Similar items from Scintilla

Comments

This is interesting, thanks. All journals should do this; it's clearly good practice! A few comments: you only include one author; I can't see why the whole set of authors can't be included (unless 100 authors breaks PDF ;-). And no keywords, why not?

Also, the PDF is not a Tagged PDF. Tagged PDF is better for screen readers, and for other kinds of text mining, apparently allows better semantic analysis of the content (or so we're told). It's a simple check box, why not turn it on be default?

But drat the niggles: thanks!

@Chris: Thanks for comments. I'm not sure though what you mean by "only include one author" as we do include all authors (in order) as you can see (maybe just) by peering at the image in the post and also at this RDF sample I sent to the semantic-web list. What are you using to view the metadata with?

Keywords we would like to add but do not presently have them. That's something we're looking at.

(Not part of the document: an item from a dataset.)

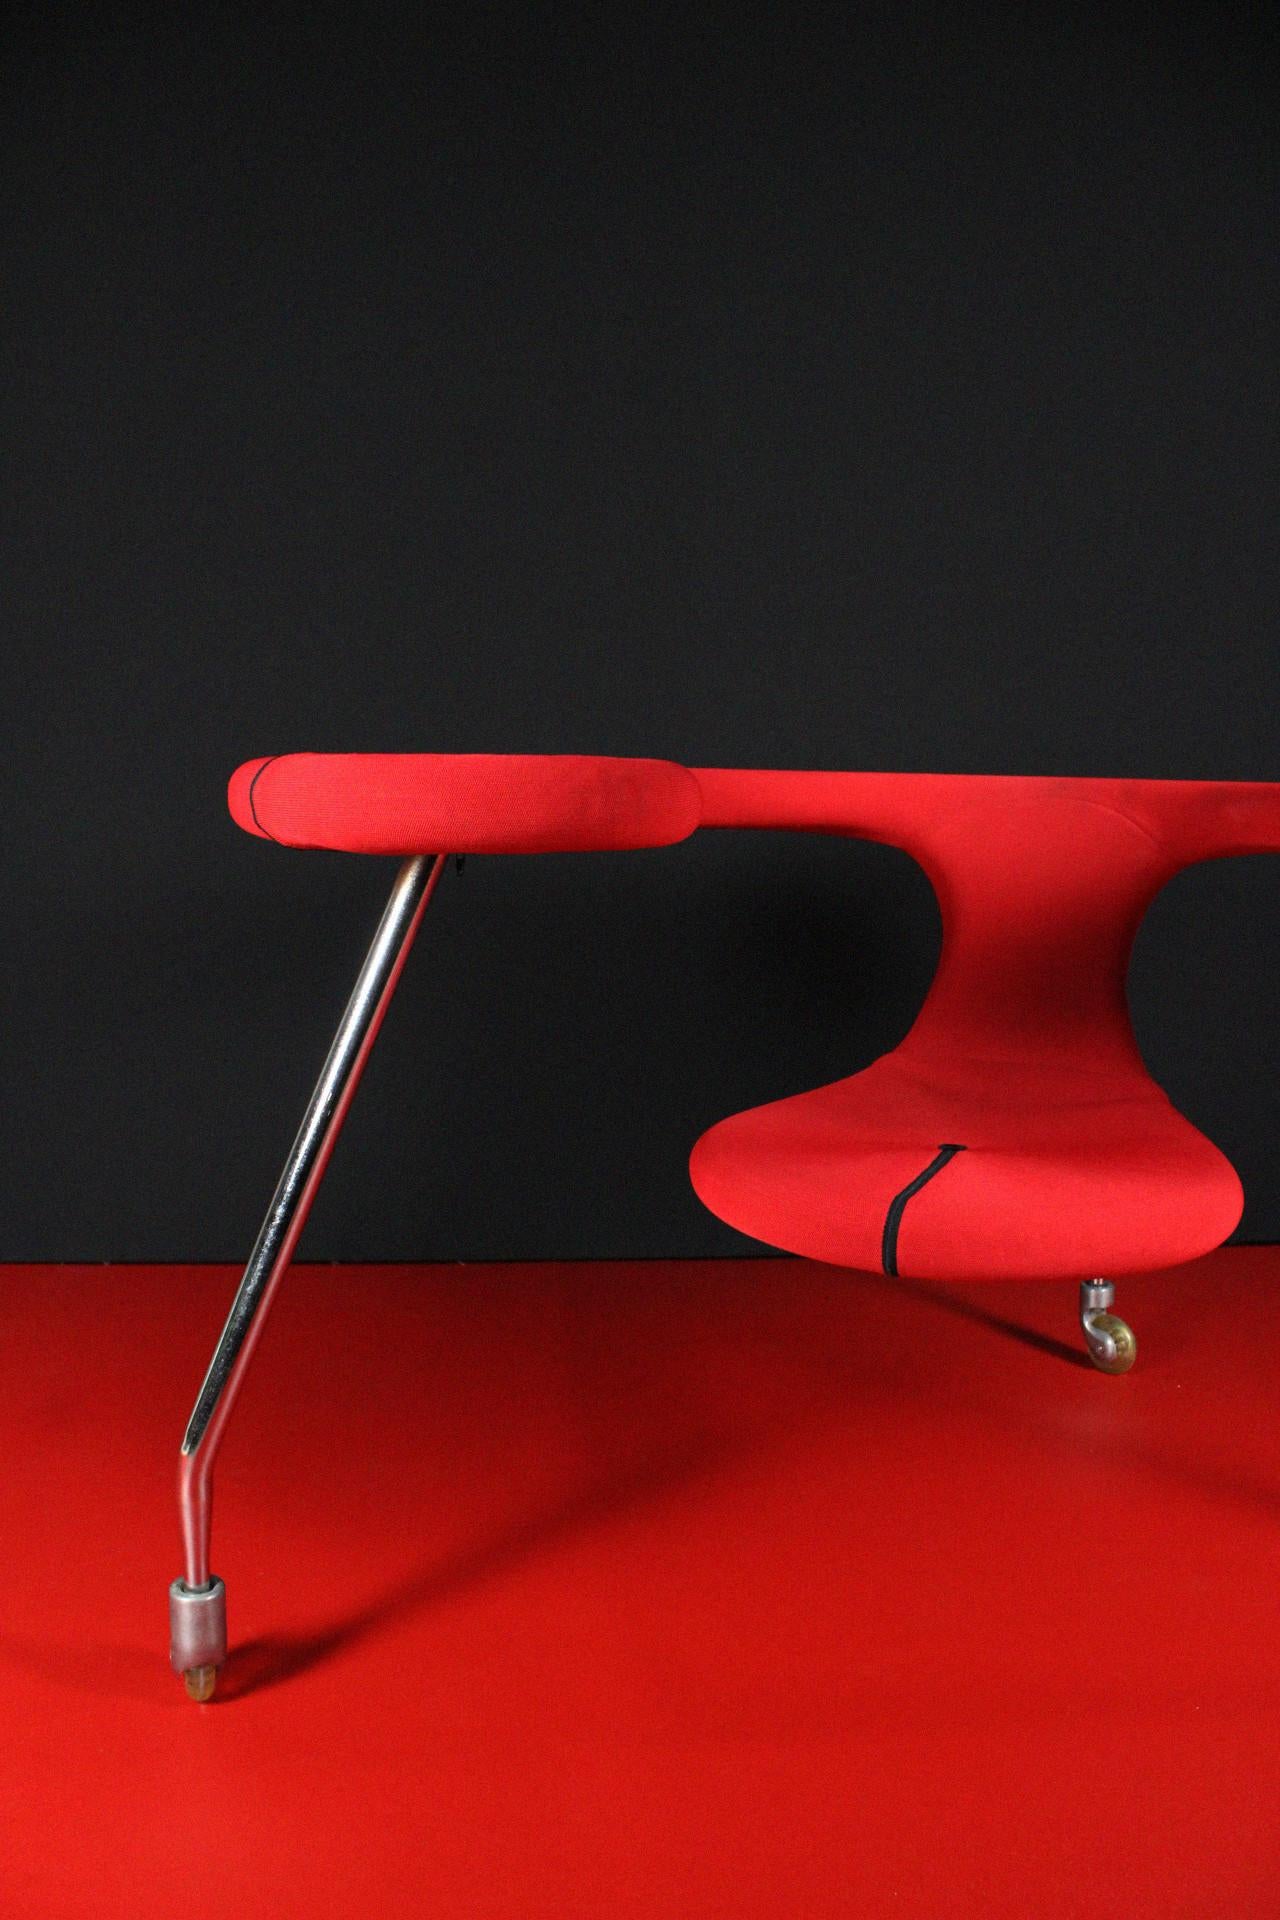 Danny Venlet Bulo Easy Rider Belgium Desk Seat Lounge Space Age Red Chrome In Good Condition For Sale In Antwerpen, BE

Thanks for the comment on tagging. I'll follow up on that to see what can be done.

I would like that the "subject" section, which actually corresponds with the "description" section in Bridge (TM), were populated with the abstract of the paper instead of the DOI. DOI and references can be placed in another section (i.e "Headline").
Thanks

Hi Diego:

We took the opportunity to add in a full article citation to the "subject" section as we are not currently distributing abstracts in the XMP packets. Should we start adding in abstracts to the XMP we would do so using this field and relocate the citation information. I will anyway forward on your comment for internal review.

Thanks for the feedback.

Post a comment

Comments will be reviewed by the editors before being published. You can be as critical or controversial as you like, but please don't get personal or offensive. We strongly encourage you to use your real, full name. Email addresses are useful in case we need to discuss your comment with you privately, or notify you in case we decide not to publish your comment. Email addresses will not be made public on the blog.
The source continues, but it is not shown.